The Restorative Justice Process at Le Moyne

The College’s Bias Response Team (BRT) employs a restorative justice approach - according to the Le Moyne student handbook:

Restorative Justice is an approach to determining responsibility for an act and deciding upon consequences that is focused on the harmed individual. The purpose of restorative justice is to:

  • Ameliorate the harm caused, including emotional, physical, financial, and relational harm,
  • Rebuild trust in our community and in each other,
  • Restore both the harmed individual(s) and the responsible individual(s) to community, whenever possible.

Because restorative justice focuses on the people who were harmed and includes them throughout the process, people who have been hurt by an incident are able to be part of how the situation is resolved.  Their voices are heard.  At the same time, the people who created the harm are heard, as well.  The agreement that all enter into helps to build community, as no one imposes a result on others.  All take part in healing the fracture in our community.

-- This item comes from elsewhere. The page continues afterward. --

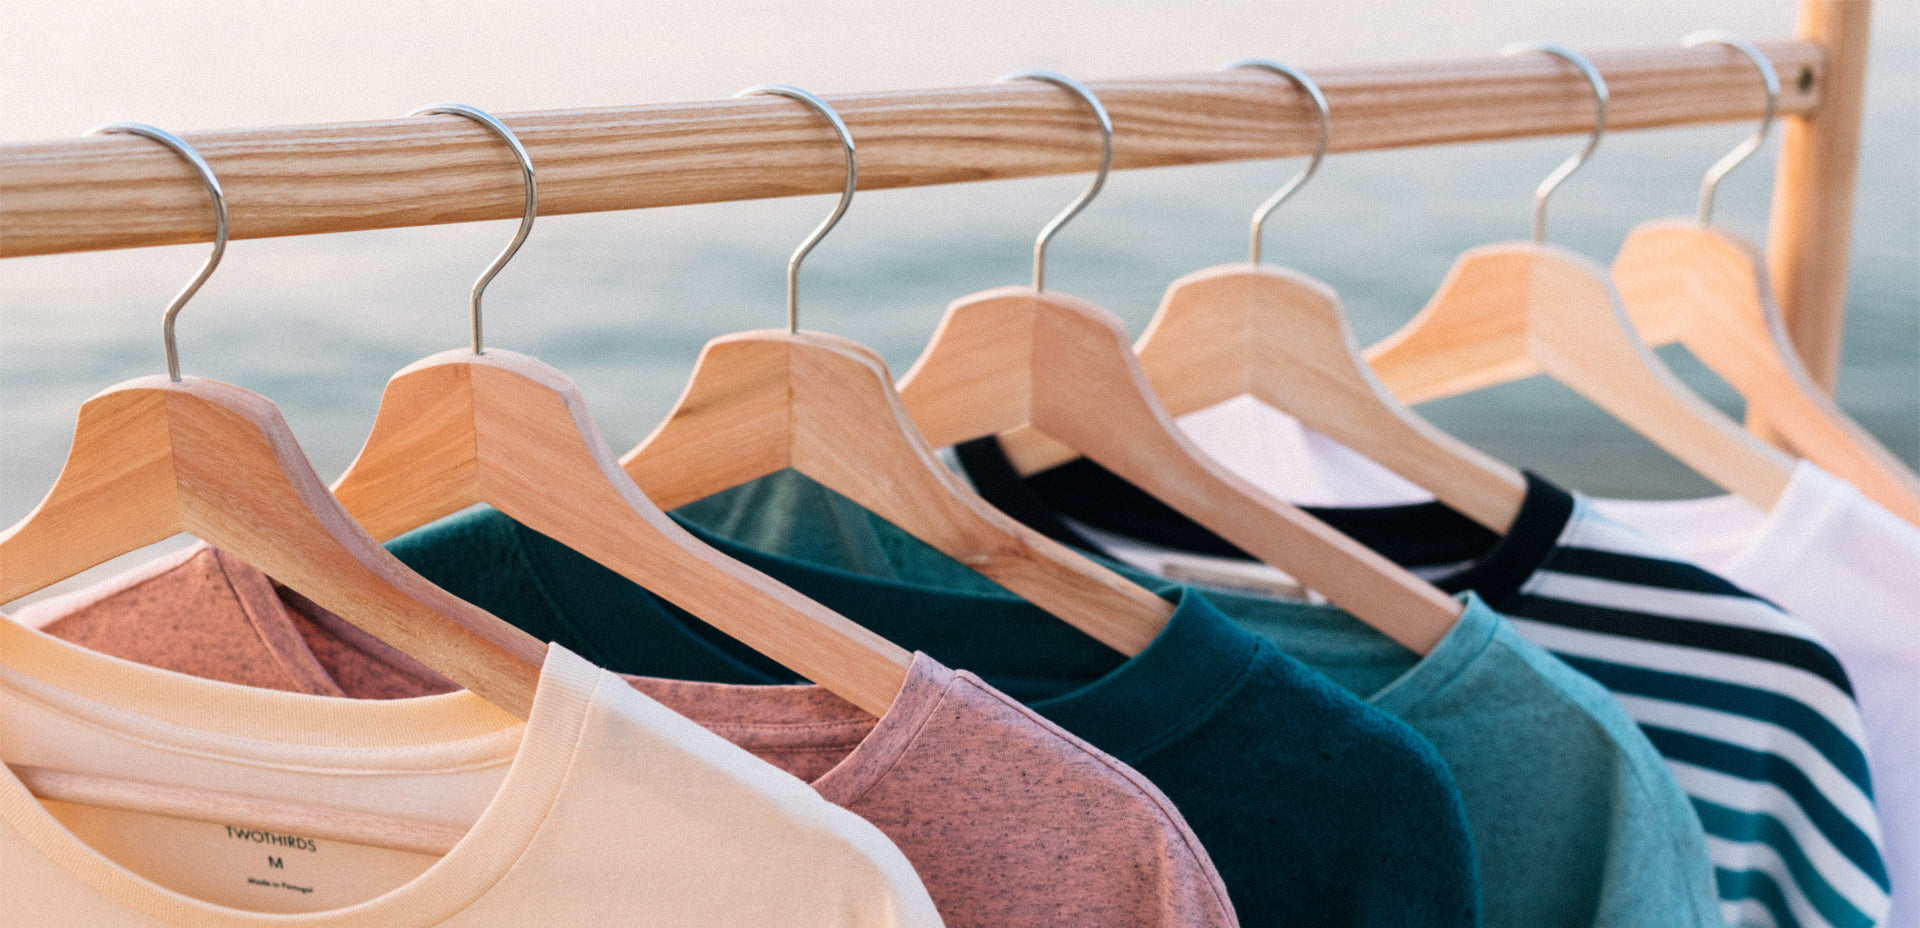 Think Twice: The Frightening Fallout From Fast Fashion Sales – TWOTHIRDS
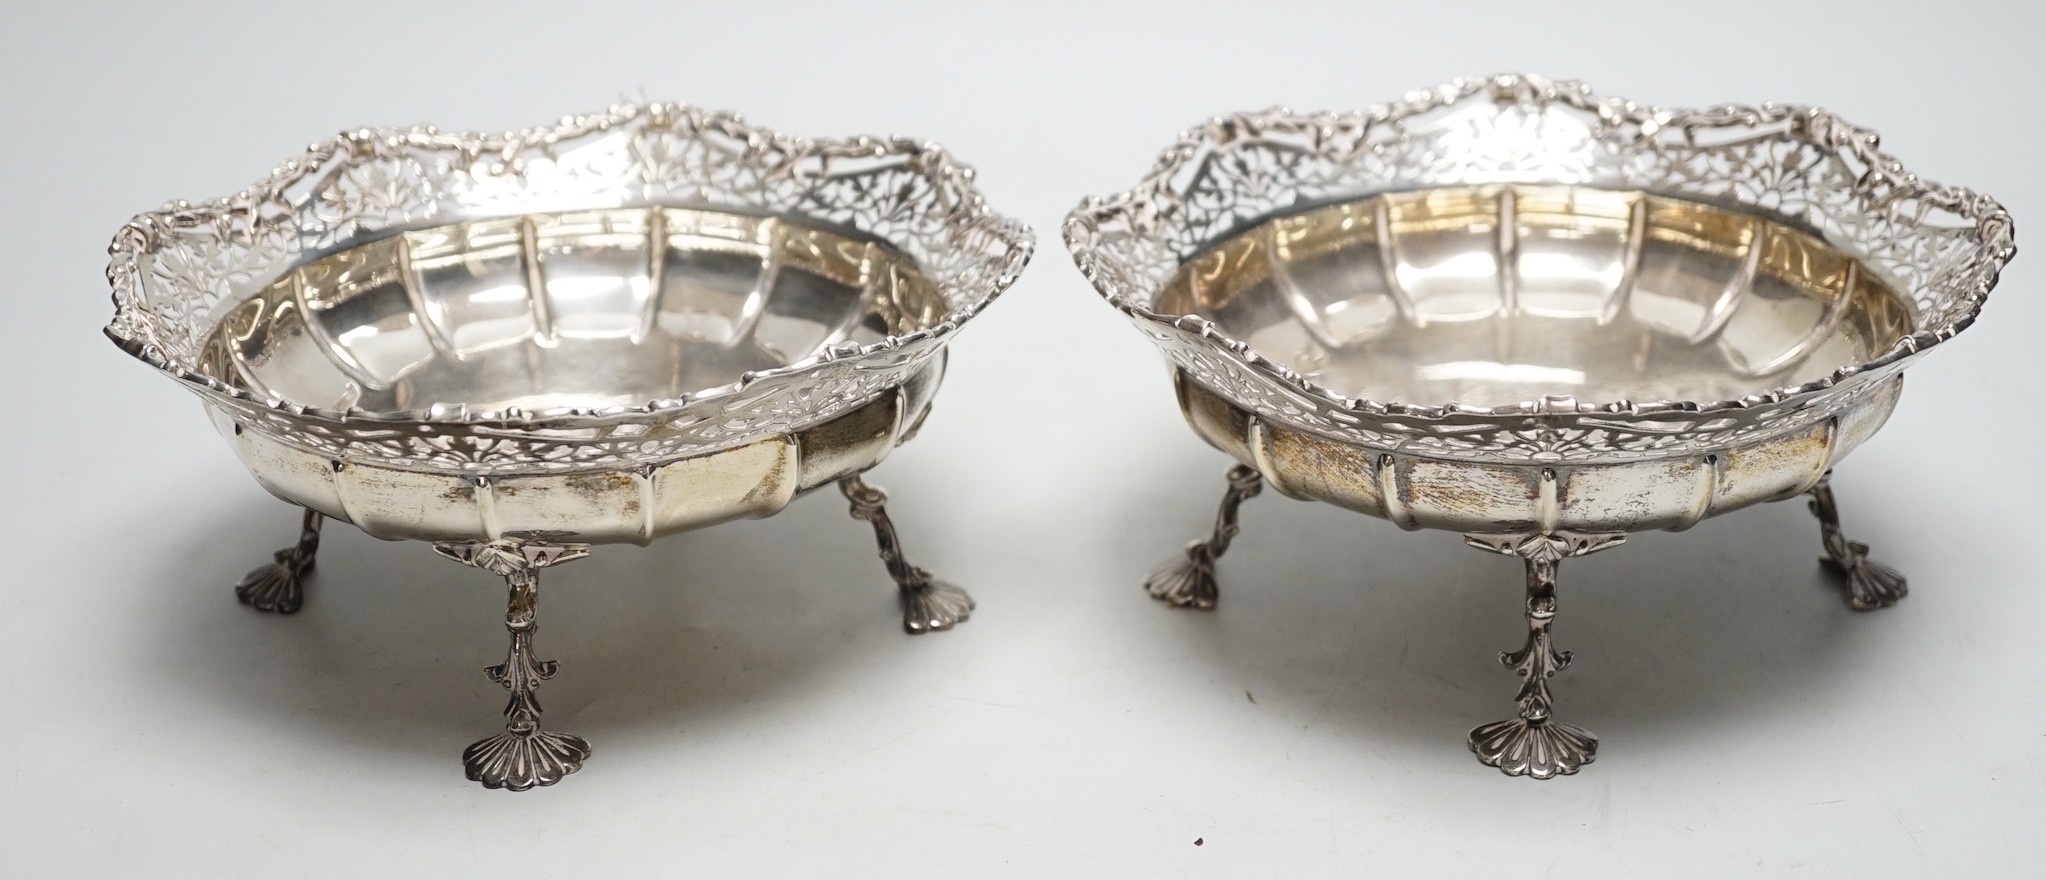 A pair of George VI pierced silver fruit bowls, on quadruped supports, with shell feet, James Ramsay, Birmingham, 1946, diameter 19.2cm, 29.7oz.

Steps in the Restorative Justice Process

Step One: Pre-conference meetings
Members of the BRT, who are trained in restorative justice, meet separately with those who were harmed and those who created the harm. In those meetings three things are identified:

  • The nature of the harm
  • The source of the harm (who and what caused the harm)
  • Actions that would respond to the harm

Both parties are welcome to bring support people to the meetings.

Step Two: Restorative Justice Conference
During a restorative justice conference, both those who were harmed and those who created the harm are given the opportunity to speak.  In both cases, they explain what happened, what harms were caused, who or what is responsible for the harm, and what actions would ameliorate the harm and rebuild community.  

There are ground rules for how people are to speak in a restorative justice conference, to avoid creating additional harm.   These ground rules are based on our values.

  • Be respectful in what you say. Value the dignity of the people who are listening.
  • No interruptions.  Value the dignity of the person who is speaking.
  • Focus on the harm and the harmed individuals. Catholic Social Teaching includes a preferential option for those who are vulnerable.
  • Maintain confidentiality and be honest. In order to create a space in which we can be heard, we must maintain confidentiality.  This will enable people to be honest.

During the conference, the harmed parties and those who created harm will agree together on what steps need to be taken in order to repair the harm and rebuild community.  These steps include action to demonstrate a change of heart and a renewal of trust.  

Step Three: Action Steps
Once the participants in the conference agree on a set of action steps to repair harm and rebuild community, a written agreement is signed.  The agreement will include a timeline for completion of each action.

Members of the BRT will follow up with those who have agreed to take action, guaranteeing that all agreed upon actions take place.